Will a computer hire you? - Futurebot
http://peoplesmarterthanme.com/2014/01/17/will-a-computer-hire-you/

======
fuzzywalrus
Many lower tier jobs already do pre-filtering with silly questionaries about
ethics.

Its interesting but without understanding the matrixes of questions, and hard
data to prove the outcomes I remain somewhat skeptical. I'd love to see a full
sample test and the metrics they use to justify questions and how they
correlate. I imagine its easy to root out the the truly unqualified but
quickly becomes harder after that.

------
ForHackernews
Note to self: Be sure to insert backdoors any HR algorithms I write...

------
dan-g
This premise is somewhat explored in Player Piano by Vonnegut. Go read it!
It's a great book, and very pertinent even today.

------
TrainedMonkey
TL:DR - whoa Big Data can tell us many things.

------
pasbesoin
Here's an off-the-cuff counterpoint to consider: Will a computer fire you?

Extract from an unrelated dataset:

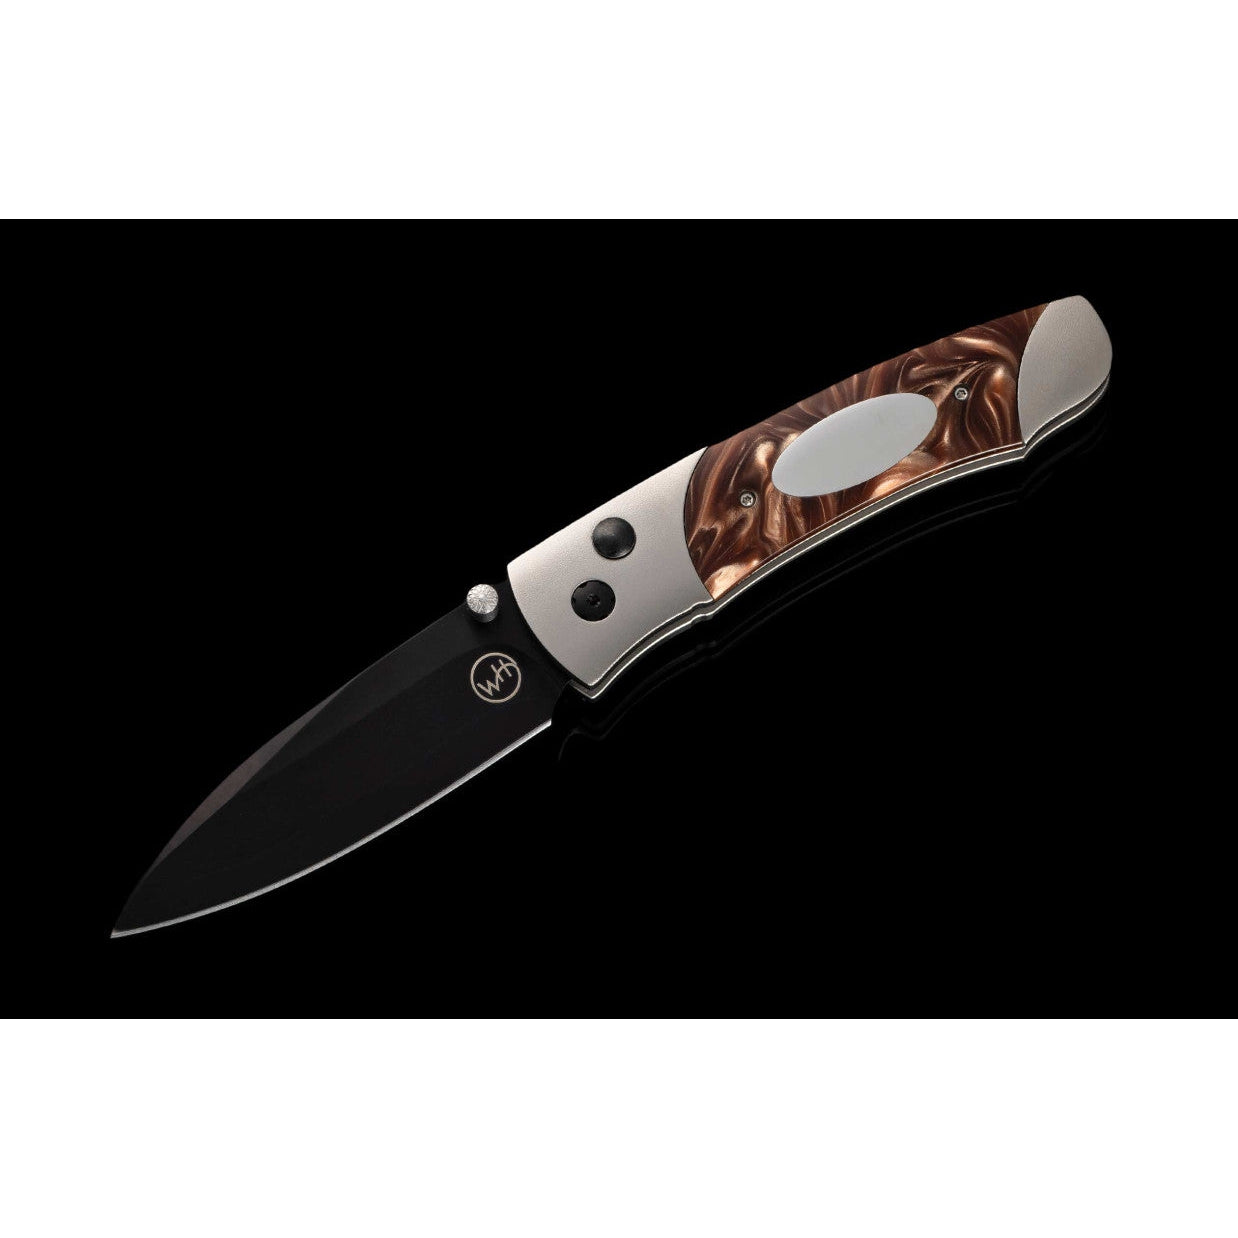 William Henry A200-3B Knife-Knives & Tools-Kevin's Fine Outdoor Gear & Apparel
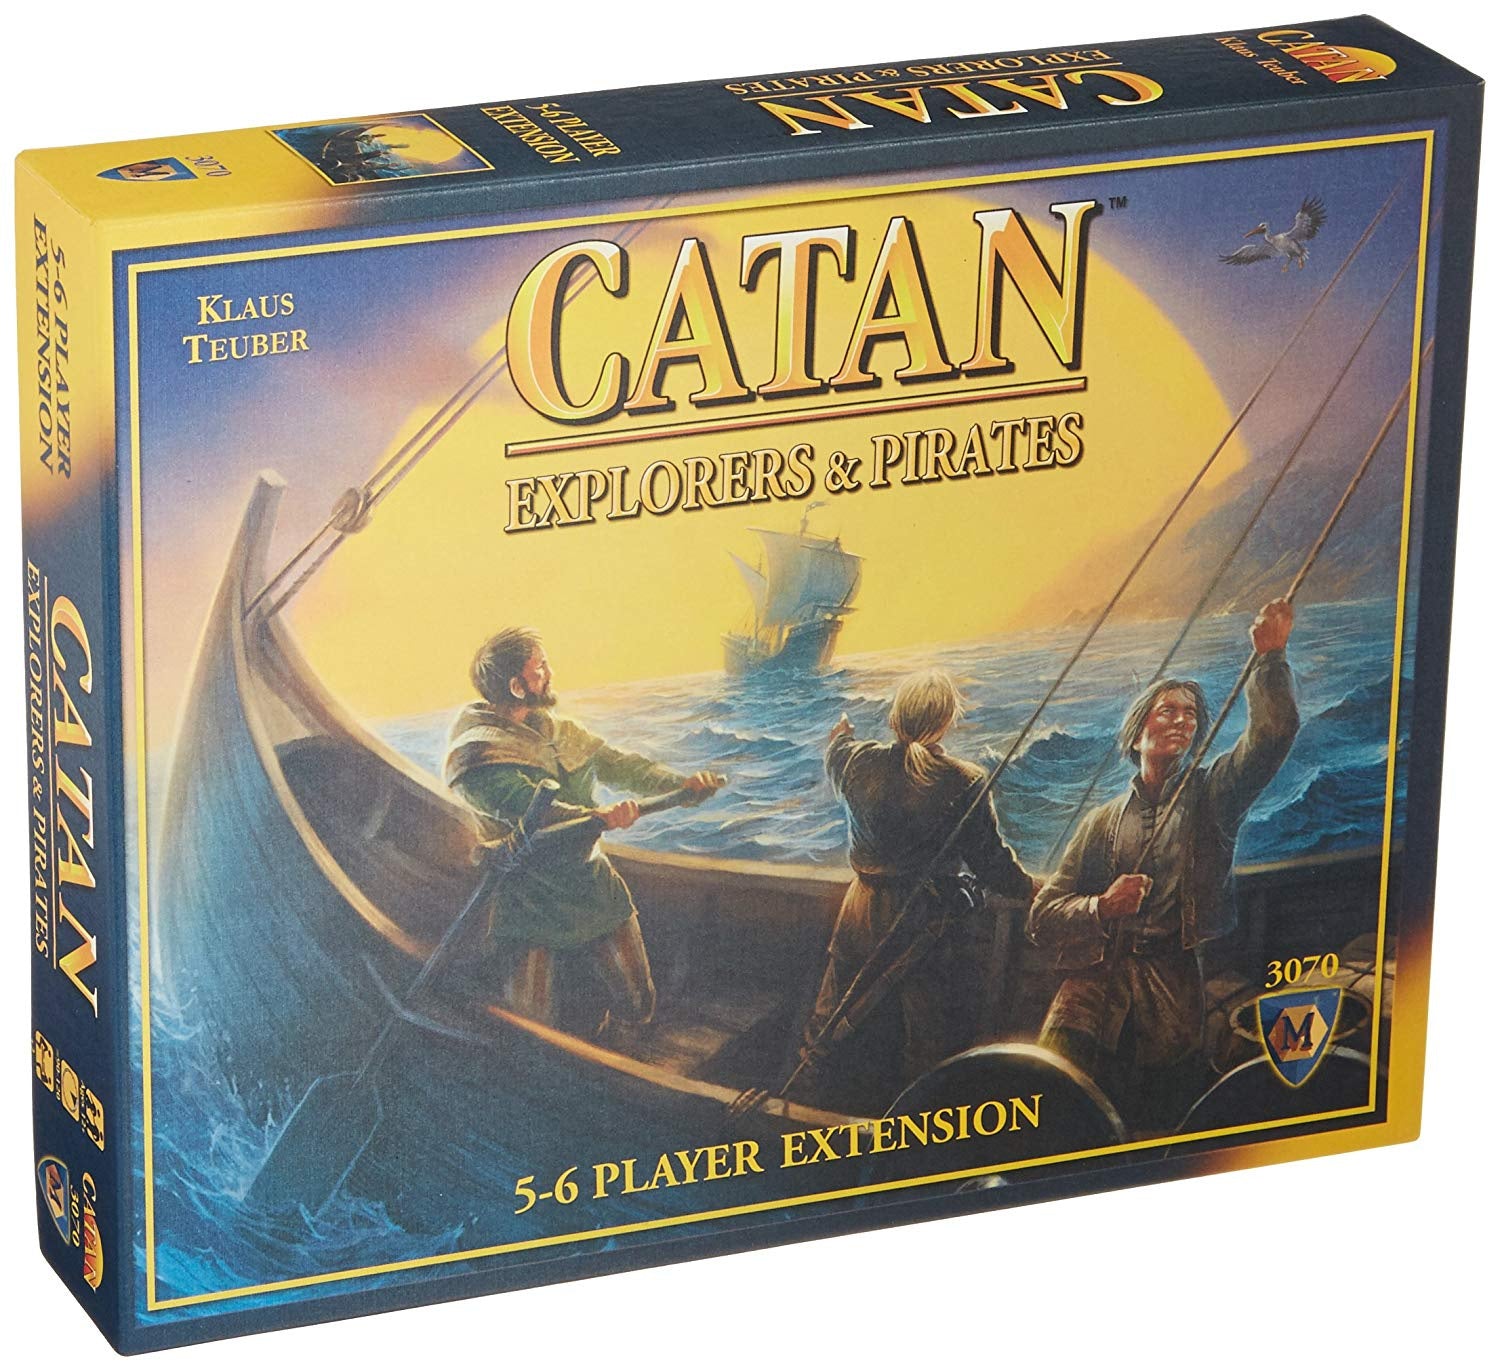 Catan Explorers and Pirates 5-6 Player Extension - Duel Kingdom

(Actually, they already do this all the time. Including via ubiquitous and
poorly vetted Excel spreadsheets.)

If you don't like the counterpoint, you may not like the point implied in the
OP title, either.

Actually, in this same sense, they already do hire you. Are you young and
"cheap" and statistically likely to put in ungodly hours?

Or, this year, are you young and "inexperienced" and not worth the overhead of
a permanent headcount?

Computers are already hiring you. Businesses are full of more or less
competent people crunching employment data in Excel, if nothing better.

Now, they're just mixing "personality" metrics into the mix, on the
spreadsheet as opposed to via human evaluation.